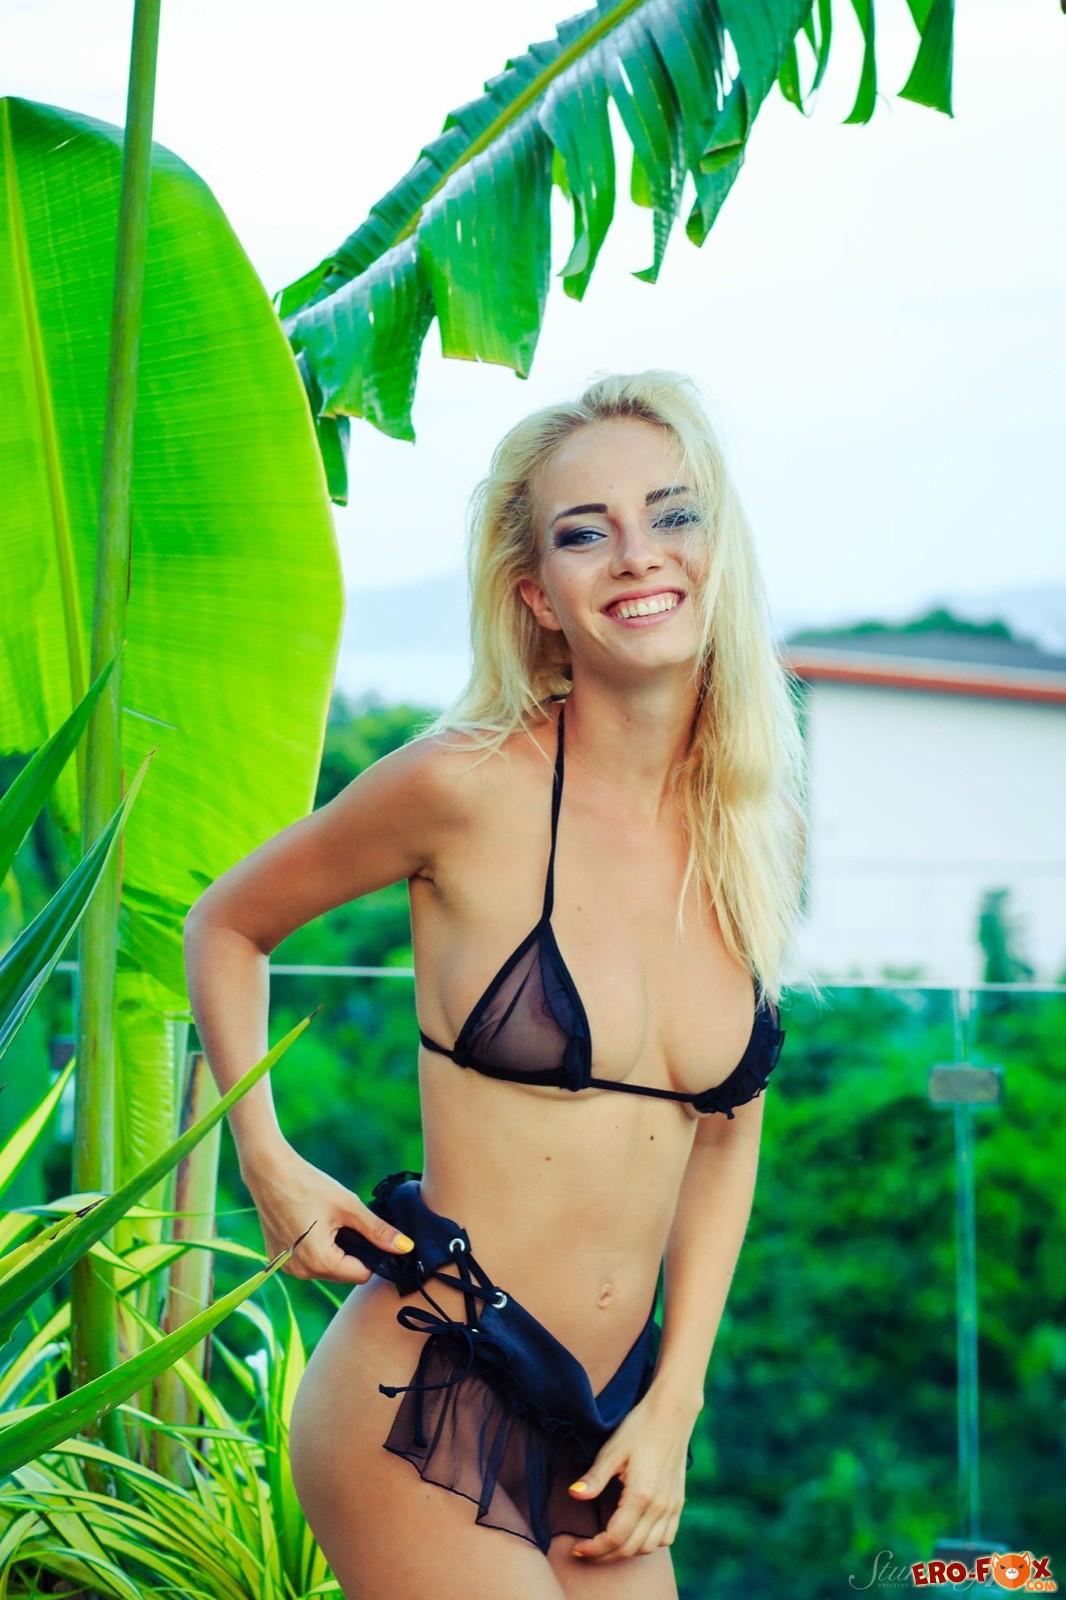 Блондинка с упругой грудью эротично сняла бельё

---

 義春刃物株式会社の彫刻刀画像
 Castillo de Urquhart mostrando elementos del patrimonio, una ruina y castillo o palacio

==

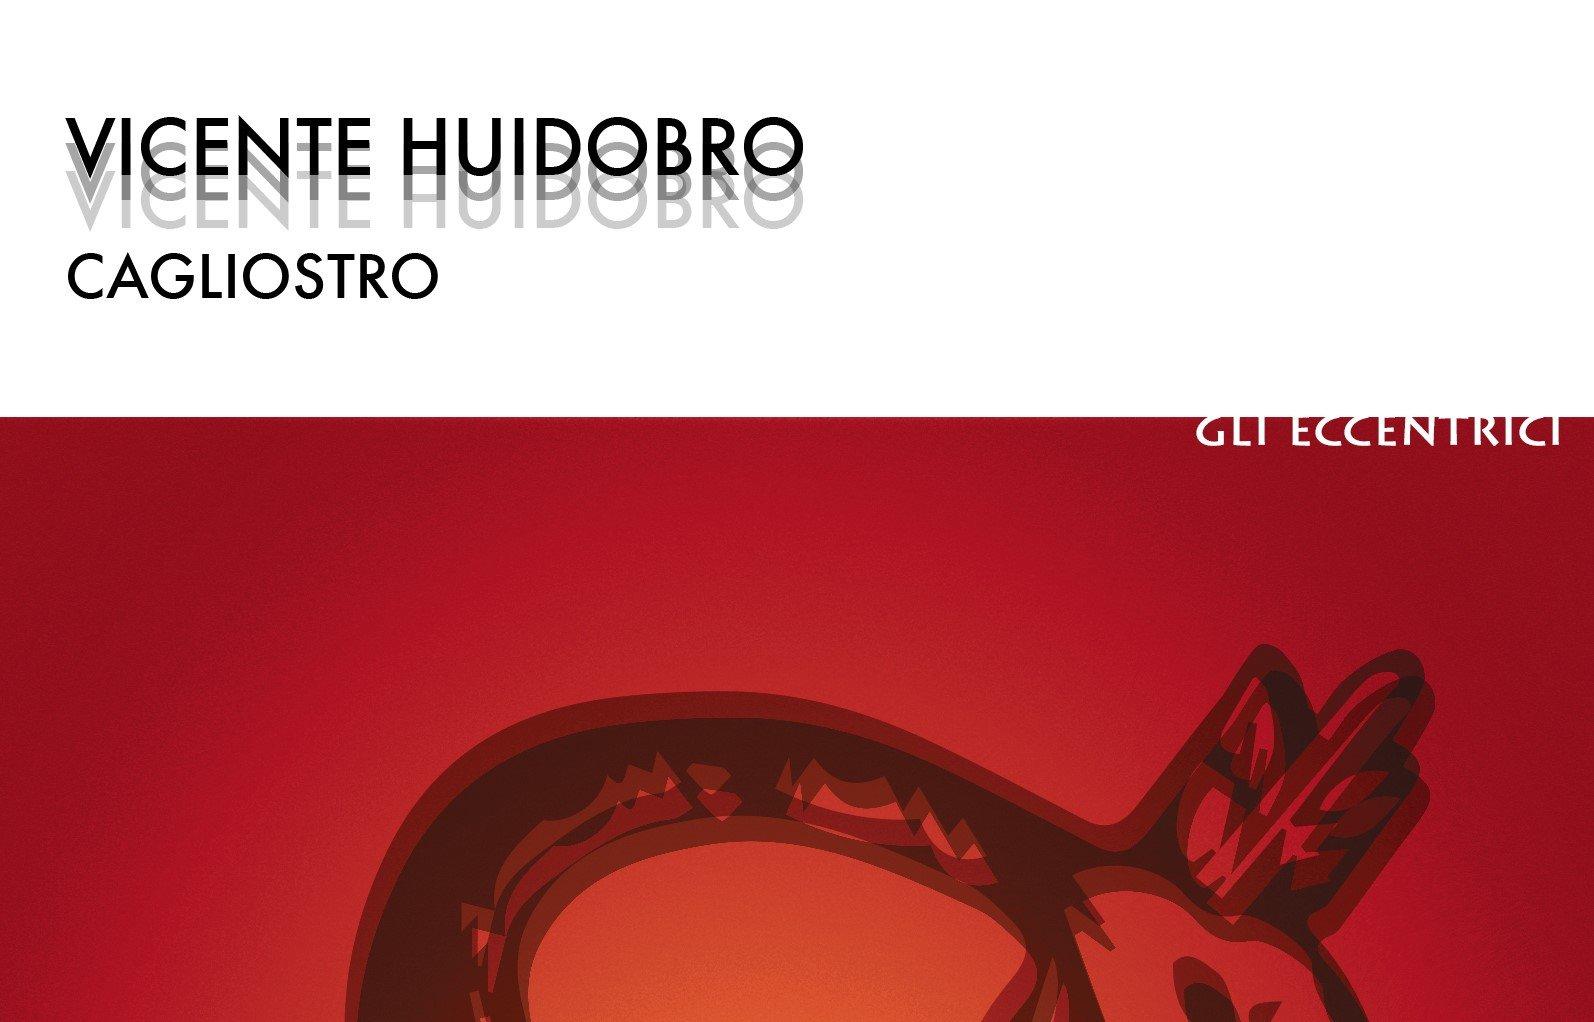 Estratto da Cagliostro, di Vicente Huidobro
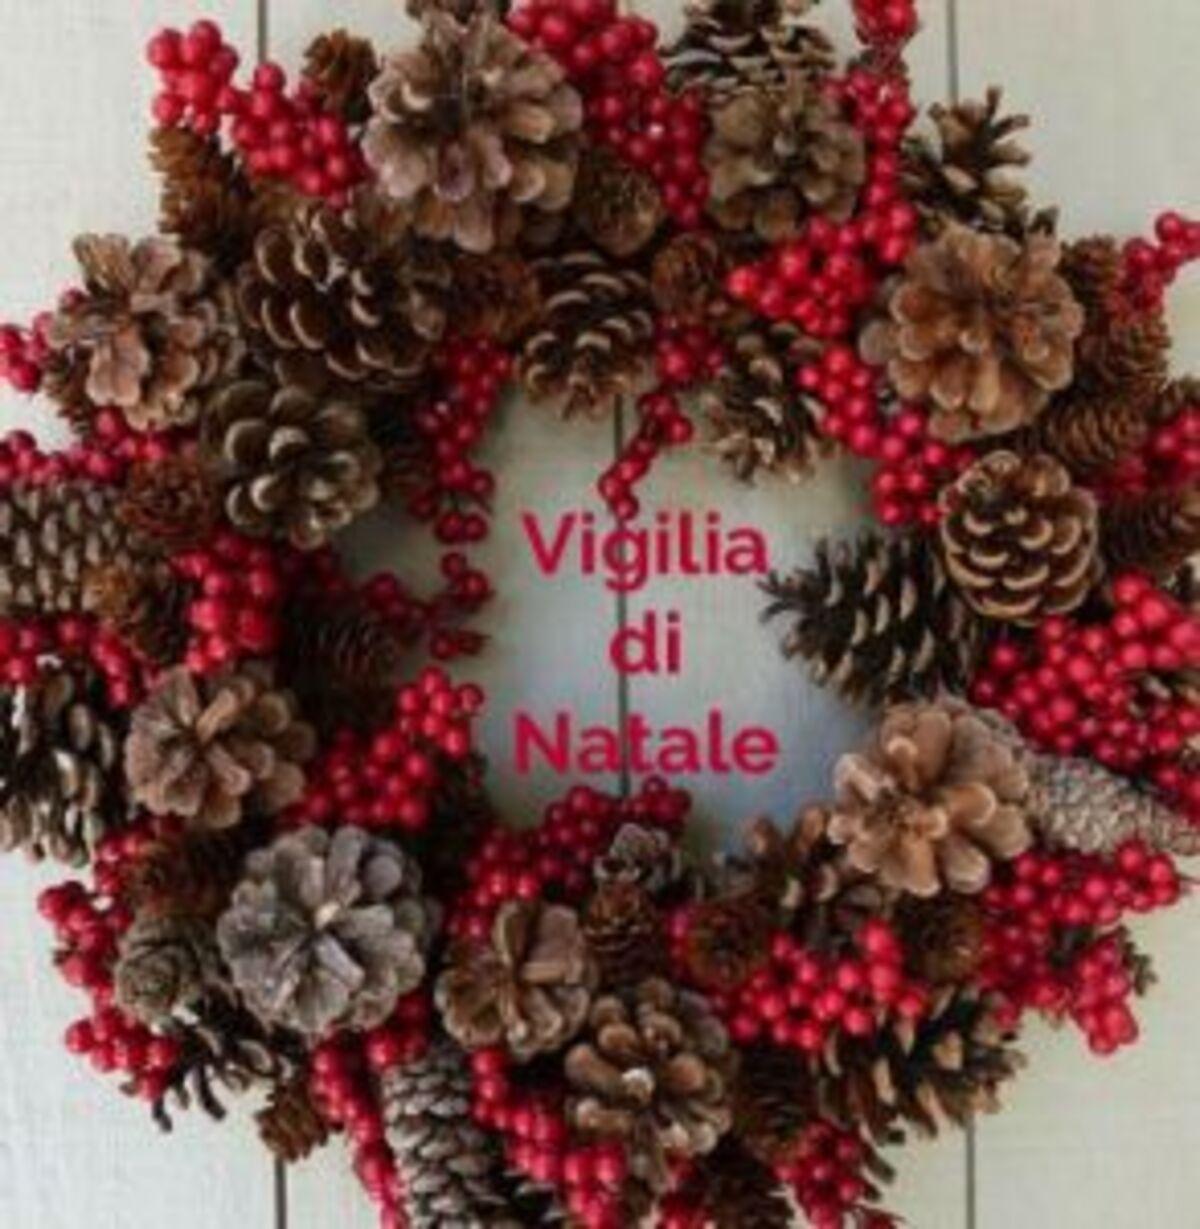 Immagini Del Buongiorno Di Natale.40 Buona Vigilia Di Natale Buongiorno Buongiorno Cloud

→ **Work order**: Within the listing above, give again exactly every line from the line with "義春刃物株式会社の彫刻刀画像" through the line with "Castillo de Urquhart", both included, and no other line.

→ **Exercise output**:
 義春刃物株式会社の彫刻刀画像
 Castillo de Urquhart mostrando elementos del patrimonio, una ruina y castillo o palacio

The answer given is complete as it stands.